While not present in our current implementation, the architecture could support servicing the same origin image from two endpoints, one for each version of the API (and avoid orchestrating the same image just because it’s getting requests via both APIs).

There is very little performance overhead with this, but care needs to be taken in considering the Image Service URIs; the current DLCS design does not include service versioning in the path.

Analytics

The DLCS currently collects logs, but nothing specialised for analytics. It could provide more detailed analytics. For large tiled images, it could even give insight into which parts of images people are looking at, zooming in to.

Appendix - The Night Watch as Orchestration Use Case

In principle, a DLCS would handle an image like the Night Watch just fine. IIPImage can handle gigapixel JPEG2000 and Pyramidal TIFFs.

The difficulty is orchestration - we assume that moving a few MB or even 10-20MB of JP2 from bob storage (S3) to random access disk (EBS) is an operation that won't inconvenience users, especially as, with a long tail distribution, most users do not experience it for most requests.

For the Night Watch, you would want this image permanently orchestrated, so that the tilesource image never had to be copied on demand to service a IIIF request.

As one of the treasures of the collection, The Night Watch would certainly be regularly accessed and therefore in the “hot” disk cache. And as long as it’s there, IIPImage (and other image servers) do not have a problem with images like this, as JP2s or Pyramidal TIFFs. The files are huge, but the image server never needs to load them whole, just bits of them.

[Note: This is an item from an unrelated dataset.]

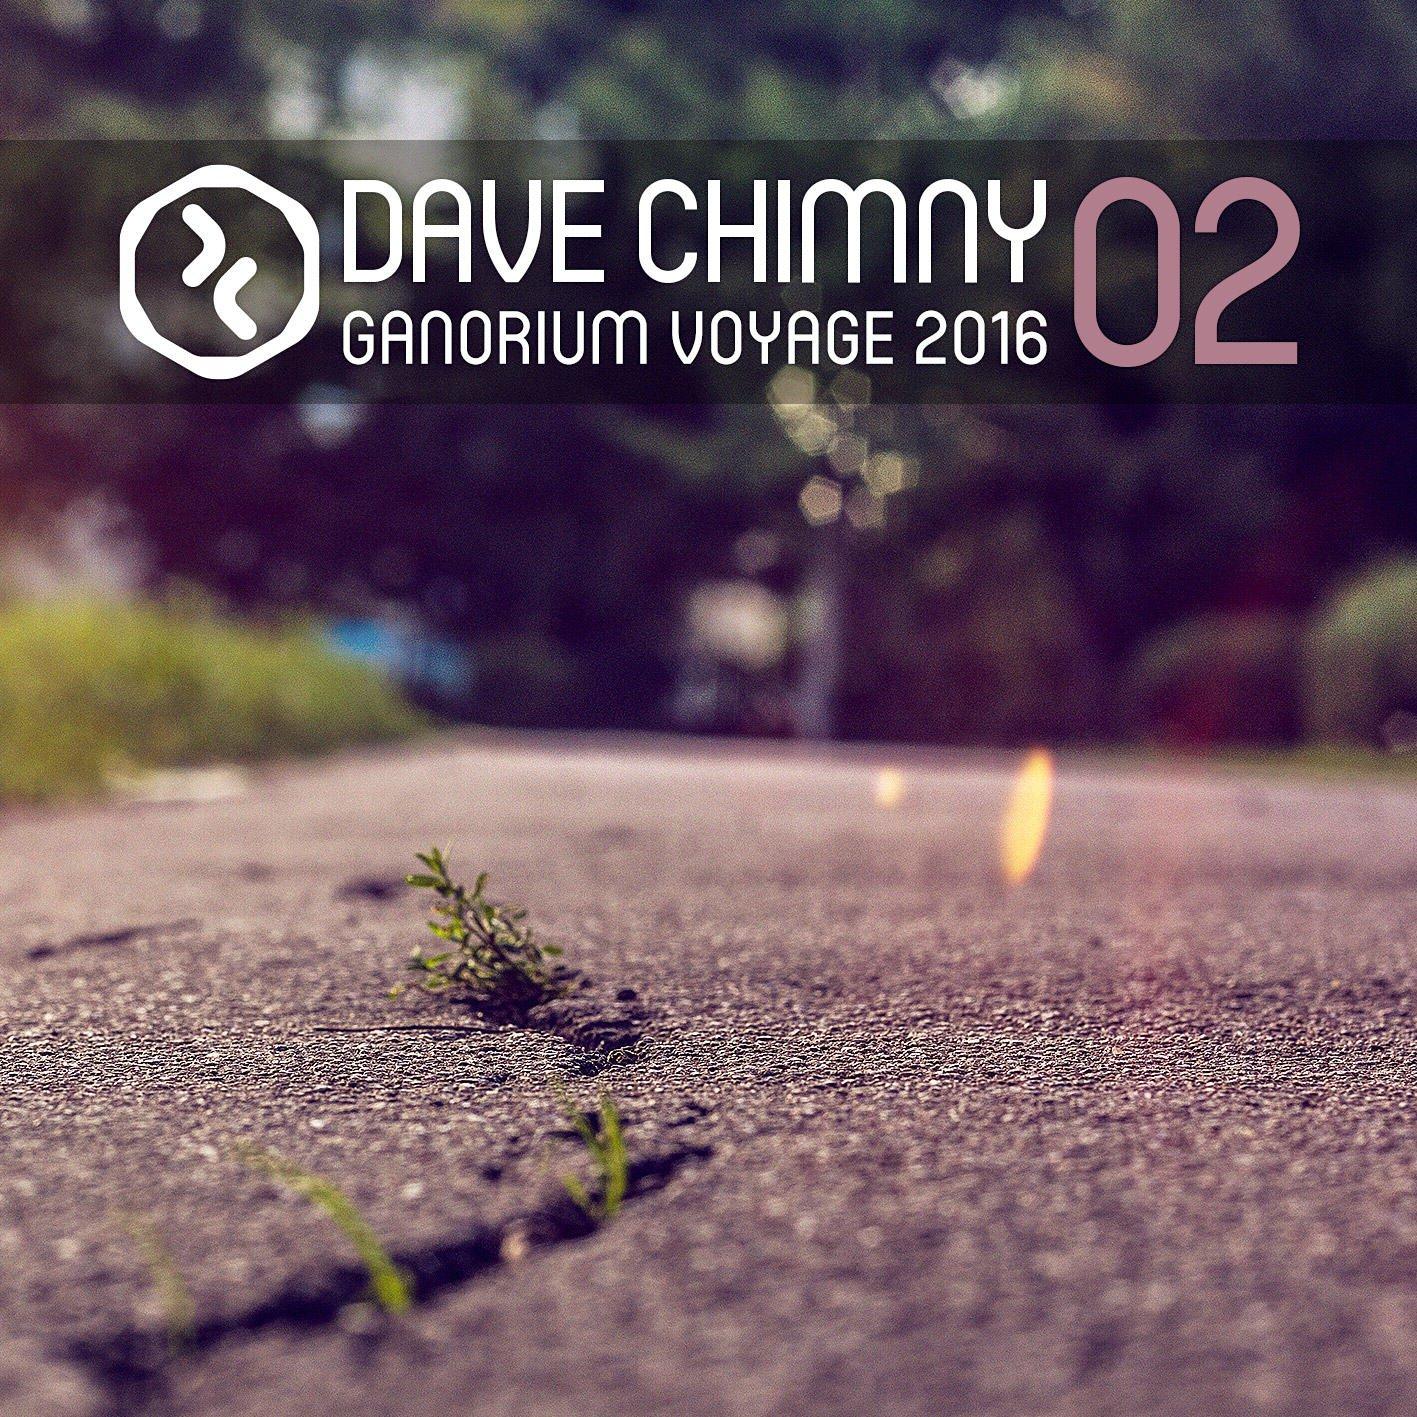 Dave Chimny – Ganorium Voyage 2016-02

Consider, though, the case of very large images that are not as popular as the Night Watch. They might be aiding a conservation project. A large number of very large images would swamp the hot cache.

Cantaloupe has done some work in making byte-range requests to JP2s in S3.

e.g., say if I had a max policy of 2000 px on that Night Watch image in the system.

If I ask for /full/max, I could service that with maybe a 1~2 MB byte range request to S3, directly. Even if the JP2 in S3 is 100GB.